PERSONAL DE APOYO
GONZALEZ GermÁn Alexis
congresos y reuniones científicas
Título:
pSVMtune: An R library for parallel optimization of SVM parameters
Autor/es:
GERMÁN GONZÁLEZ; CRISTOBAL FRESNO; MÓNICA BALZARINI; ELMER FERNÁNDEZ; JOSÉ CROSSA
Lugar:
Córdoba
Reunión:
Congreso; Segundo Congreso Argentino de Bioinformática y Biología Computacional; 2011
Institución organizadora:
Asociación Argentina de Bioinformática y Biología Computacional
Resumen:
Current high-throughput technology allow us to measure and record simultaneously thousands of genes, proteins or molecules that can be use to interrogate different biological scenarios.

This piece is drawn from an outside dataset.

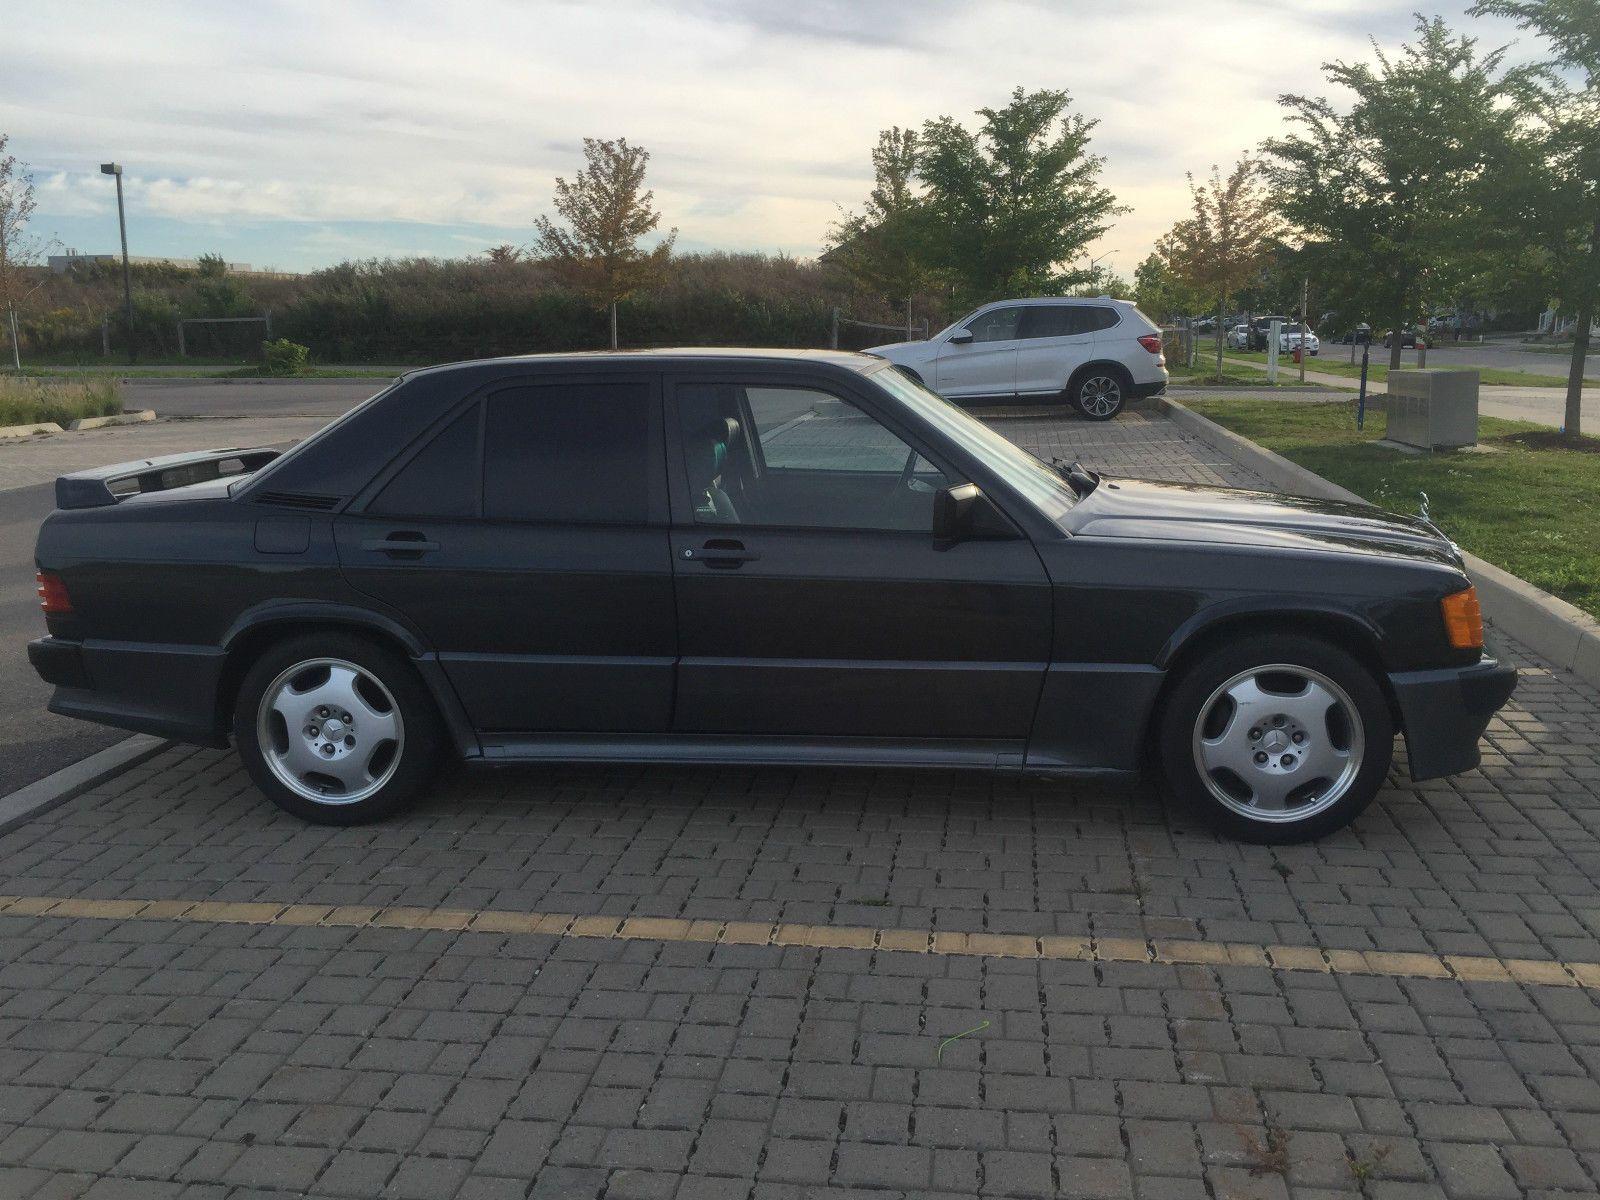 http://www.ebay.com/itm/1987-Mercedes-Benz-190-Series-COSWORTH-16V-2 ...

Usually such genes, proteins or molecules are inspected to be used as molecular fingerprints with the expectation to build diagnostic methods or to explain biological behavior. In any current high-throughput experiments, one of the main limitations is the amount of available samples yielding, from a data mining point of view, to face the “curse of dimensionality” problem (when the amount of variables exceed the number of samples). In this context, Support Vector Machines could play an outstanding role since their theoretical properties suggest them appropriate to face “curse of dimensionality” problems. Spite to be robust and to provide optimal solutions, the building process requires setting several user defined parameters which are problem dependant. One of the usual ways to look for these parameters implies a grid search approach which spans several parameters combination in a cross validation strategy. Available tune functions for SVM are sequential, requiring long runs (several hours or days) when the number of variables is large. Here we present a parallel algorithm to look for such parameters. It is based on the “snowfall” R library. The algorithm significantly speeds up the process. Here we show the performance of the “pSVMtune” R library in a Genetic Selection problem where grain yield is predicted from thousands of molecular markers.